In the event of access by third parties to the reserved goods, in particular seizures, the customer shall draw attention to the ownership of Schneider and inform Schneider immediately in writing so that Schneider can enforce its ownership rights. Insofar as the third party is not in a position to reimburse Schneider for the judicial or extrajudicial costs incurred in this connection, the customer shall be liable for this.

The customer also assigns to Schneider the claims against the third party which arise against this third party through the connection of the purchased item with a property. This also includes the right to the granting of a security mortgage with priority over the remainder. We accept the assignment.
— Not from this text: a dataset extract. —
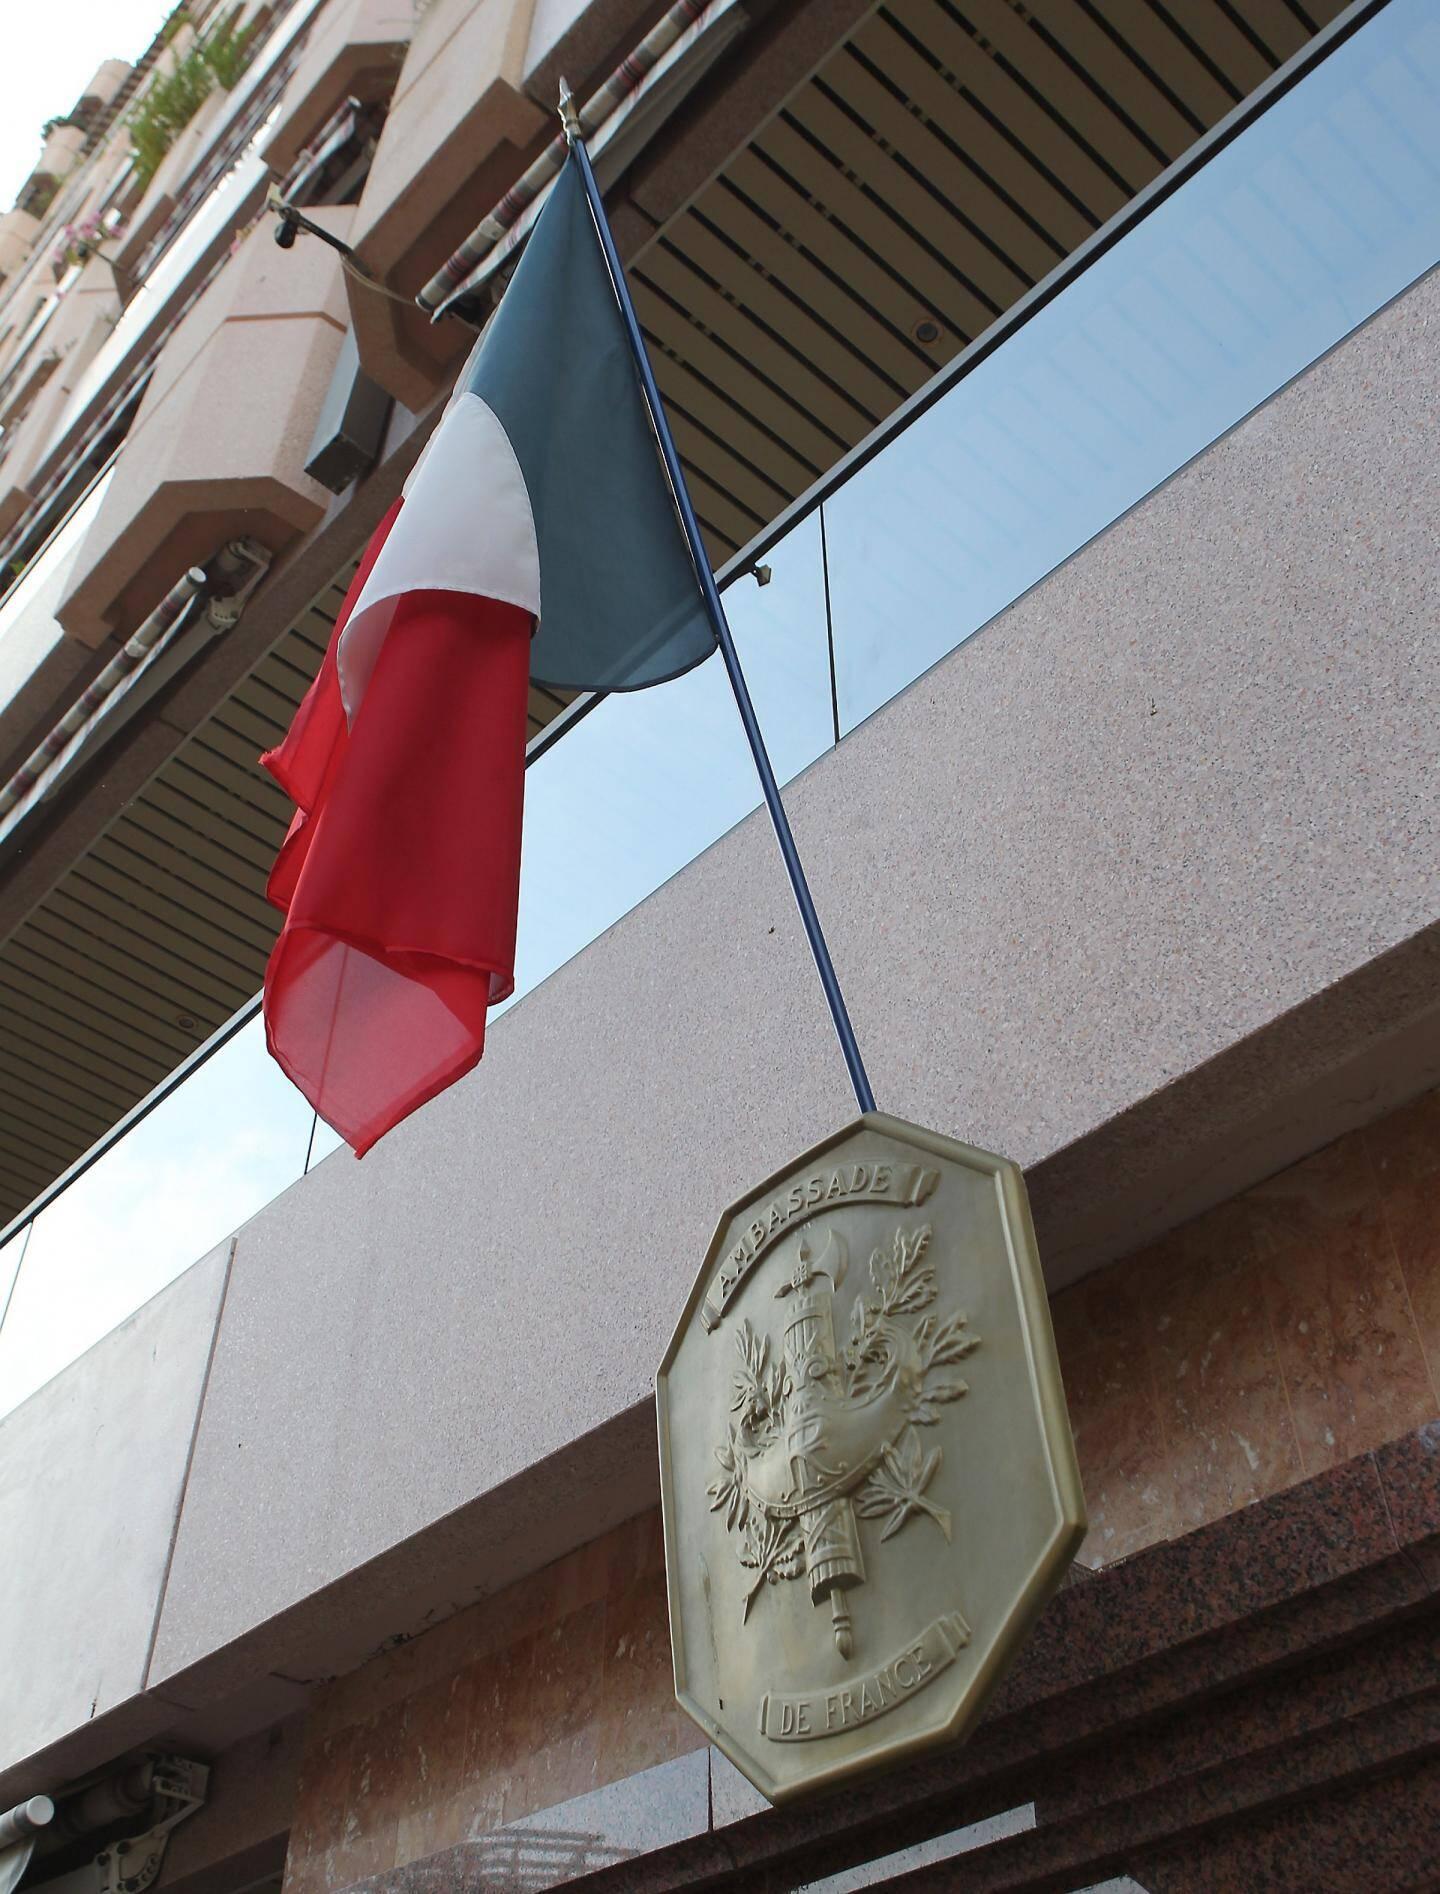 Deux bureaux de vote seront installés à l'ambassade de France, rue du Ténao.

If the goods subject to retention of title are installed by the customer as an integral part of his own property, the customer hereby assigns the claims arising from the commercial sale of the property or property rights in the amount of the value of the goods subject to retention of title with all ancillary rights and with priority over the rest. Schneider accepts the assignment.

§ 9 Place of jurisdiction, place of performance, applicable law

Unless otherwise stated in the order confirmation, the place of performance is Breidenbach.

The exclusive place of jurisdiction for all disputes arising from this contract is our registered office in Biedenkopf. This shall also apply if the customer has no general place of jurisdiction in Germany or if the customer's domicile or habitual residence is not known at the time the action is filed.

German law shall apply exclusively. The application of the UN Convention on Contracts for the International Sale of Goods is excluded.

In all other respects, the statutory provisions or, if not available, the customary commercial provisions shall apply to quality determination, sorting, labeling and price. Insofar as the above Terms and Conditions of Sale and Delivery conflict with our Terms and Conditions of Purchase, our Terms and Conditions of Sale and Delivery shall apply exclusively.

If the purchaser is not himself a buyer, but only an intermediary, he fully recognizes the above conditions insofar as they relate to this legal relationship.

He hereby expressly declares his acceptance of the guarantee vis-à-vis the manufacturer or the seller in the amount of the value of the goods and any damage caused by default (including court, legal and other costs) in the event that it should not be possible for the seller to collect the outstanding amount from the customer (recipient of the goods), possibly also with the aid of legal measures.

Schneider hereby accepts the agent's declaration of guarantee, so that a legally valid contract for the assumption of the guarantee has been effectively concluded. Schneider undertakes to inform the intermediary if efforts to collect the claim have been unsuccessful and to give the intermediary the opportunity to attempt to collect the claim from the customer himself. If the agent is unable to do so within a reasonable period of time (3 weeks), Schneider may make a claim against the agent under the guarantee contract, with the result that the agent must pay the outstanding amount under the guarantee contract. In this case, Schneider assigns all its claims against the customer to the agent in order to give the agent the opportunity to collect the claim against the customer.

§ 10 Severability clause

Should individual provisions of the contract with the customer, including these General Terms and Conditions, be or become invalid in whole or in part, this shall not affect the validity of the remaining provisions.

The wholly or partially ineffective provision shall be replaced by a provision whose economic success comes as close as possible to that of the ineffective provision.

Any waiver of the aforementioned General Terms and Conditions must be made in writing. This also applies to this written form clause.